Complex tools with many parameters or behaviors need more documentation. Simple tools need less. This dimension scales expectations accordingly.

Parameters4/5

Does the description clarify parameter syntax, constraints, interactions, or defaults beyond what the schema provides?

Input schema covers 'paths' with basic description. Description adds clarity: 'repo-relative or absolute' and restates bounds.

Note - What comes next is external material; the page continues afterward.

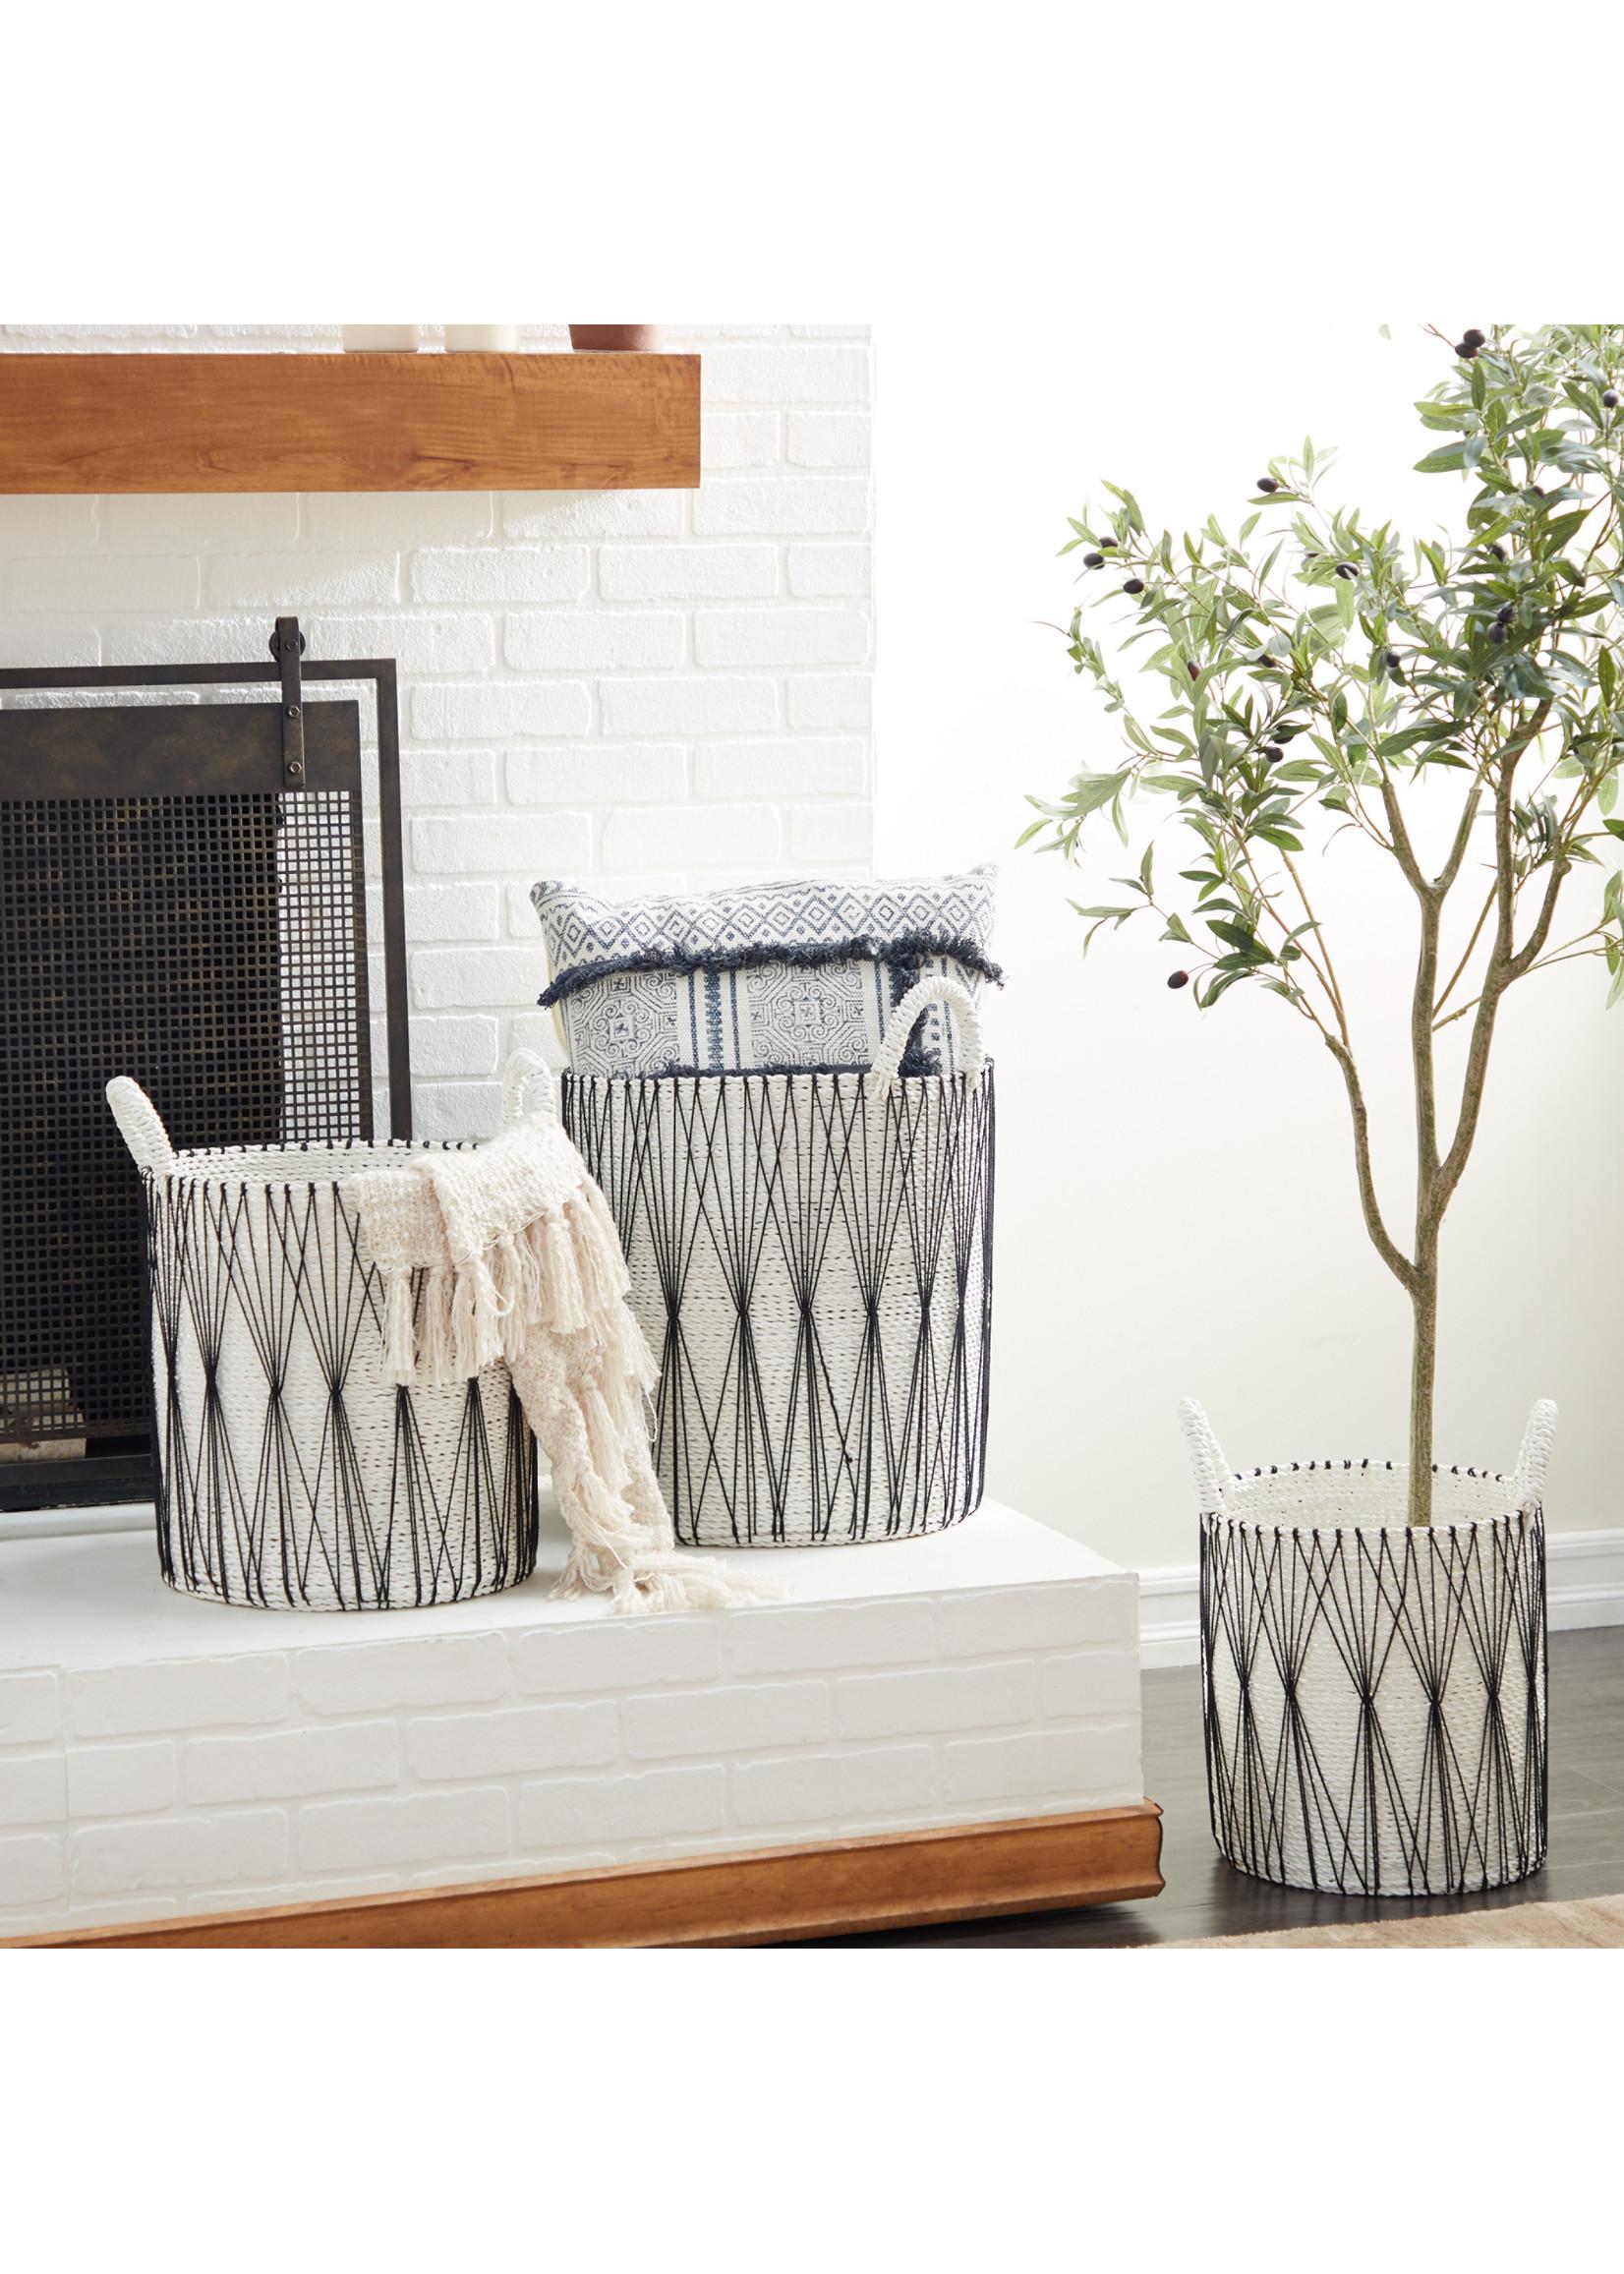 UMA Enterprises Black & White Cotton Basket - Medium

Since schema coverage is 100%, baseline is 3; description adds meaningful context (relative/absolute distinction), thus a 4.

Input schemas describe structure but not intent. Descriptions should explain non-obvious parameter relationships and valid value ranges.

Purpose5/5

Does the description clearly state what the tool does and how it differs from similar tools?

Description clearly states the verb 'evaluate' against a specific resource (workspace intelligence) and returns a mechanical enforcement decision. It distinguishes from sibling tools which focus on listing or getting context.

Agents choose between tools based on descriptions. A clear purpose with a specific verb and resource helps agents select the right tool.

Usage Guidelines3/5

Does the description explain when to use this tool, when not to, or what alternatives exist?

The description implies usage (when you have a changeset to assess) but does not explicitly state when to use this tool versus alternatives, nor provides exclusion criteria or when-not-to-use guidance.

Agents often have multiple tools that could apply. Explicit usage guidance like "use X instead of Y when Z" prevents misuse.